Among the accounts from APRs, we can cite that of Acti Mac as an illustration: “Regularly receiving only a minimal supply, we cannot commit ourselves to delivering to our customers who, weary of the effort, cease soliciting us by ordering either from the Store or by going to the nearest ARS.”
An APR also noted: “We never know when a new product is going to be launched, usually there are rumours (...) Apart from the iPad and iPhone, product launches are not announced. For other products there is no announcement, we are usually informed by the press, or we can deduce that there will be a product announcement when some Apple Stores announce a new product launch (...). For the iPad we are not allowed to communicate about the launch.”
The particular situation of eBizcuss demonstrates the concrete and effective impact of Apple’s abuse of a situation of economic dependency. As eBizcuss stores located in Paris and Lyon were unable to receive the Apple products necessary to satisfy the demand of its own customers or to compete with Apple Stores in terms of price or level of service, eBizcuss stores located in Paris and Lyon were placed at a commercial disadvantage compared to Apple Stores, resulting in a decrease in turnover of these stores on the order of 15%.
The president of the APR association also complained of a real “strategy of exclusion on the part of Apple” with regard to APRs, as did Alis Informatique, which evoked “a premeditated death”. You Cast blames its financial difficulties and liquidation proceedings on its “cash flow lag problems related to delivery problems with Apple products”.
When a manufacturer keeps its distributors dependent on it, it must take care not to abuse this dependence, i.e., not to restrict their commercial freedom beyond the tolerable limits and not to put them at a disadvantage in relation to its own internal distribution network.

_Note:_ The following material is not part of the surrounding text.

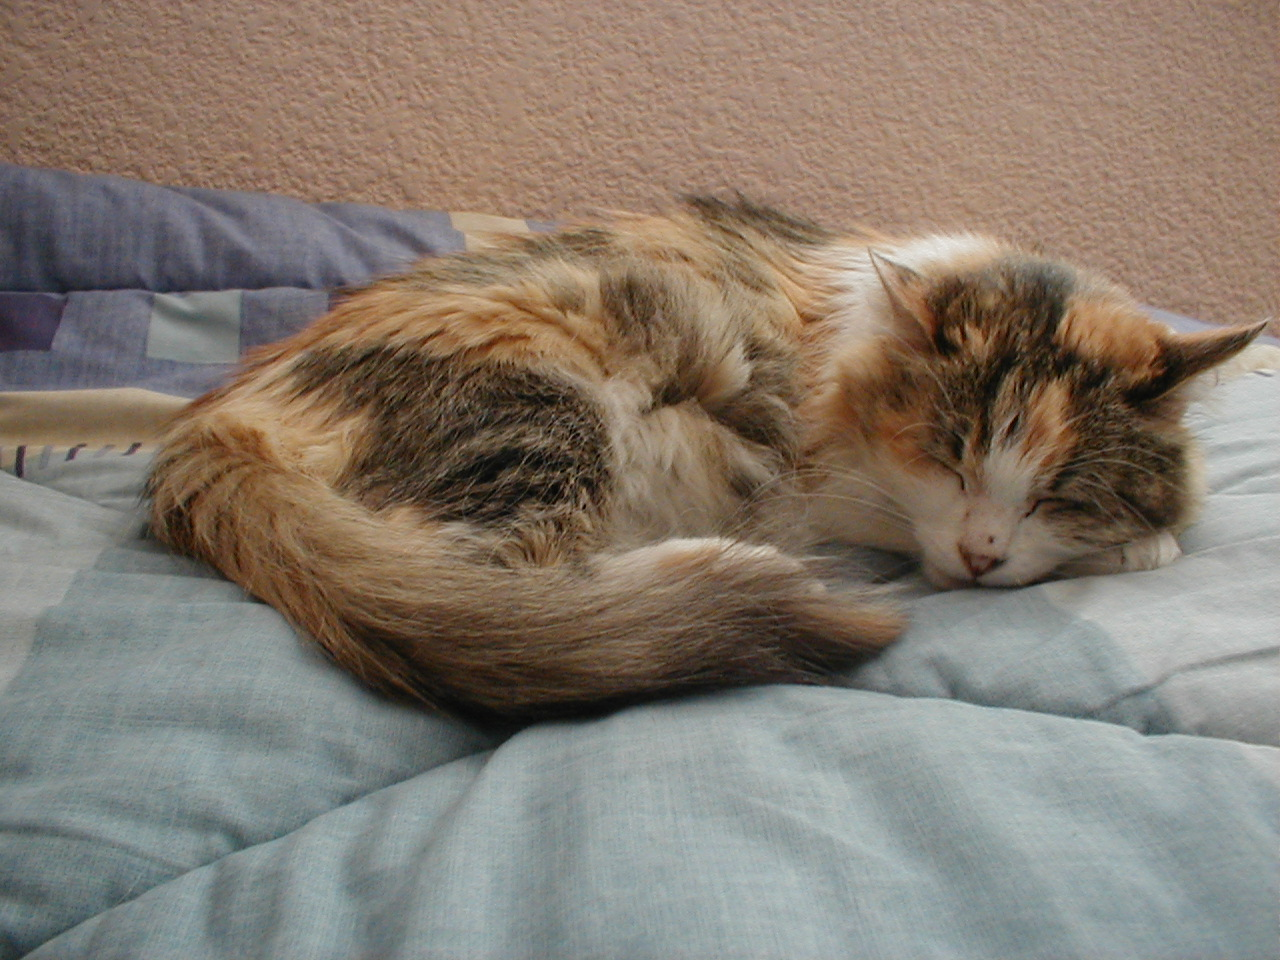 dario sleeping cat on bed nature animals land dreaming sleep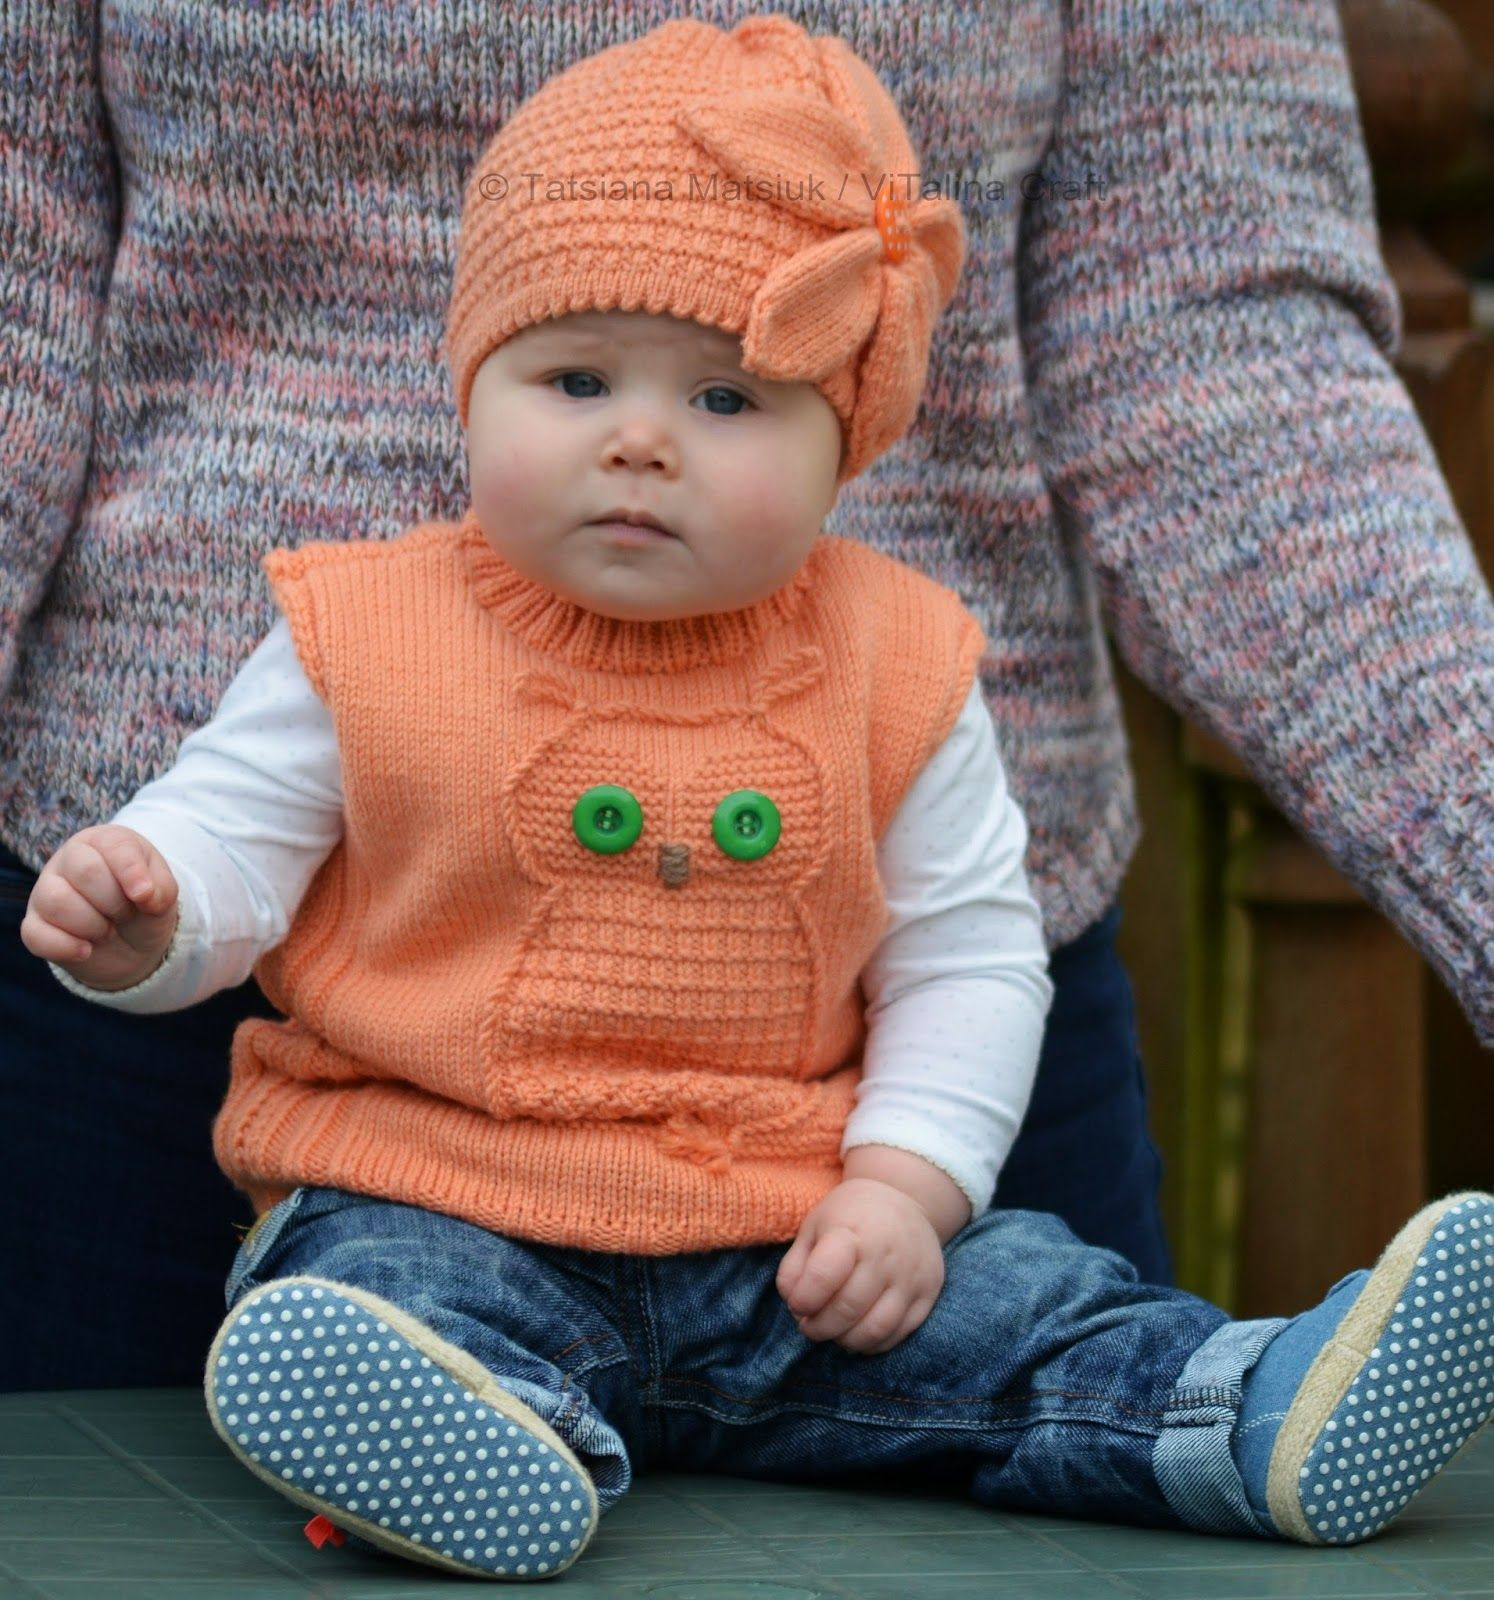 ViTalina Craft: Wise Owl Baby Vest Knitting Pattern | Knitting for ...

With the APRs, Apple benefited from a network whose obligations imposed on distributors were similar to those of franchisees, without itself being subject to the obligations of a franchisor, thus depriving them of the consideration attached to this form of distribution. Thanks to the network, the company no longer needed to set up its own stores throughout France, which has enabled it to focus on locating Apple Stores in the most profitable areas. Subjected to the conditions of hardship comparable to those of an integrated operator, while having to assume the commercial and financial risks of an independent company, the APRs enabled Apple to distribute its products throughout France without having to invest in its own stores and without its direct sales (online and physical stores) being affected by competition.
These practices have led to the weakening and, in a number of cases, the exclusion of certain APRs, such as eBizcuss.
1 eBizcuss operated as an APR in France from 2008 to 2012 and then withdrew from the French market. It remains active in Belgium (Macline).
2 You Cast a été repris en partie par Ephésus.
3 Decisions 01-D-49 of 31 October 2001 relating to a complaint and request for interim measures by Concurrence concerning Sony and 10-D-08 of 3 March 2010 relating to practices implemented by Carrefour in the local general retail food sector, concerning a franchise network.